Predict car MSRP from tabular features (make, model, year, specs, etc.).

Data prep & EDA

Cleaning: lowercased column names, replaced spaces with underscores; normalized string values.
EDA: MSRP had a long tail → applied log1p(msrp) to stabilize variance and help models.
Missing values: identified with isna().sum(); for baseline, filled numeric NAs with 0 (simple, not always ideal).

Validation framework

Split into train / val / test (60/20/20).
Wrote a reusable prepare_x(df) to:
- Build numeric features (+ age = 2017 - year).
- Add chosen categorical one-hots (e.g., top-K per category).
- Fill NAs consistently.
- Return NumPy arrays with fixed column order.
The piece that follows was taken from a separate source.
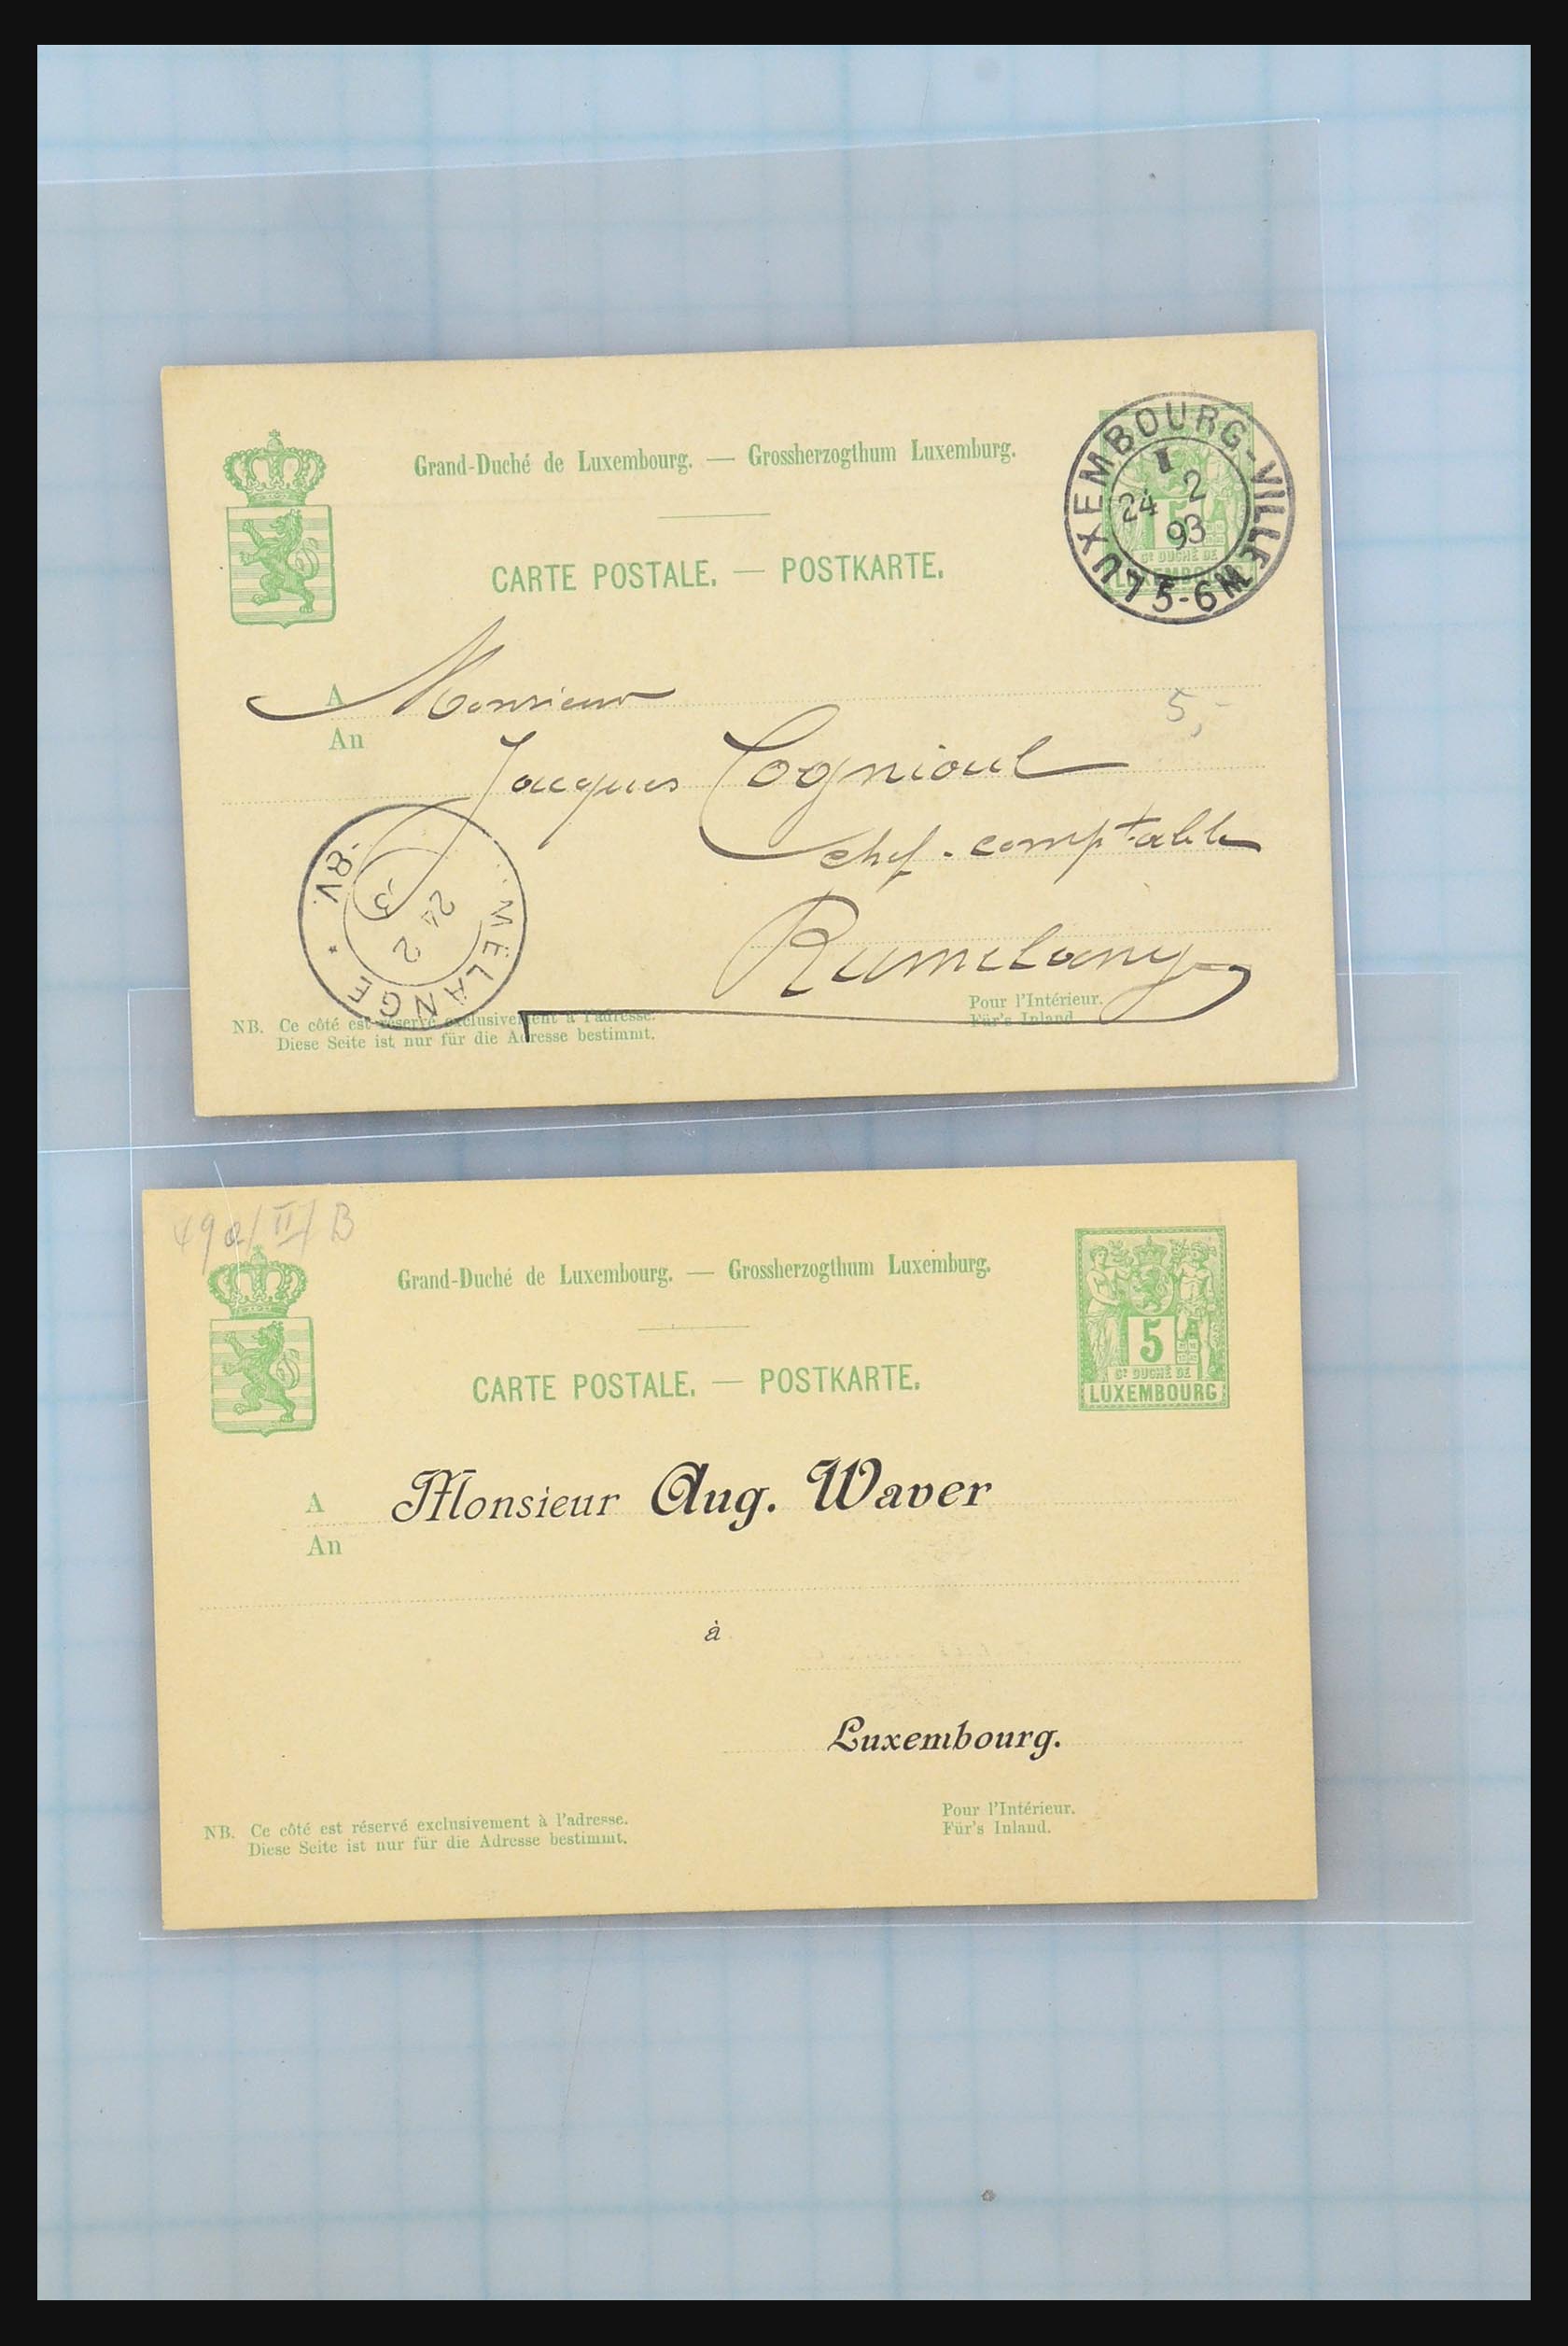 31358 063 - 31358 Portugal/Luxemburg/Greece covers 1880-1960.

Linear regression, from scratch

Started with scalar form → vector dot product → full matrix × vector form.
Trained via normal equation: $w=(X^\top X)^{-1}X^\top y$.
Baseline used only numeric features → OK but underfit.

Metric

RMSE on the validation set (computed in log space to match target transform).

Feature engineering

Age feature gave a big improvement.
Added categoricals with one-hot (e.g., number_of_doors, make, fuel, transmission, driven_wheels, size, style, market_category).
First attempt blew up (huge weights/RMSE) → collinearity made $X^\top X$ numerically unstable.

Regularization (Ridge)

Fixed instability by adding λ to the diagonal of $X^\top X$: $w=(X^\top X+\lambda D)^{-1}X^\top y$ (no penalty on intercept).
Tuned λ on validation (grid of values); several close—picked a small λ that stabilized and slightly improved RMSE.

Final model & test

Retrained on train+val with best λ; evaluated once on test → similar RMSE to val (good generalization).
Single-car inference: build a one-row DataFrame from a dict → prepare_x → predict log price → expm1 to get dollars.

What to save for serving

w0, w, feature order, category vocab (top-K lists), NA-fill rules, and constants (e.g., reference year for age).

Pitfalls you handled

Target long tail → log transform.
Data leakage → kept test unseen until the end.
Feature drift → froze vocab/order in prepare_x.
Multicollinearity → ridge regularization.
Objective eval → RMSE on validation, then confirm on test.

Next steps

Try better missing-value strategies (median/mean per group).
Add interactions/nonlinearities or switch to tree-based models (Random Forest, GBMs).
Migrate to scikit-learn pipelines for cleaner training/serving.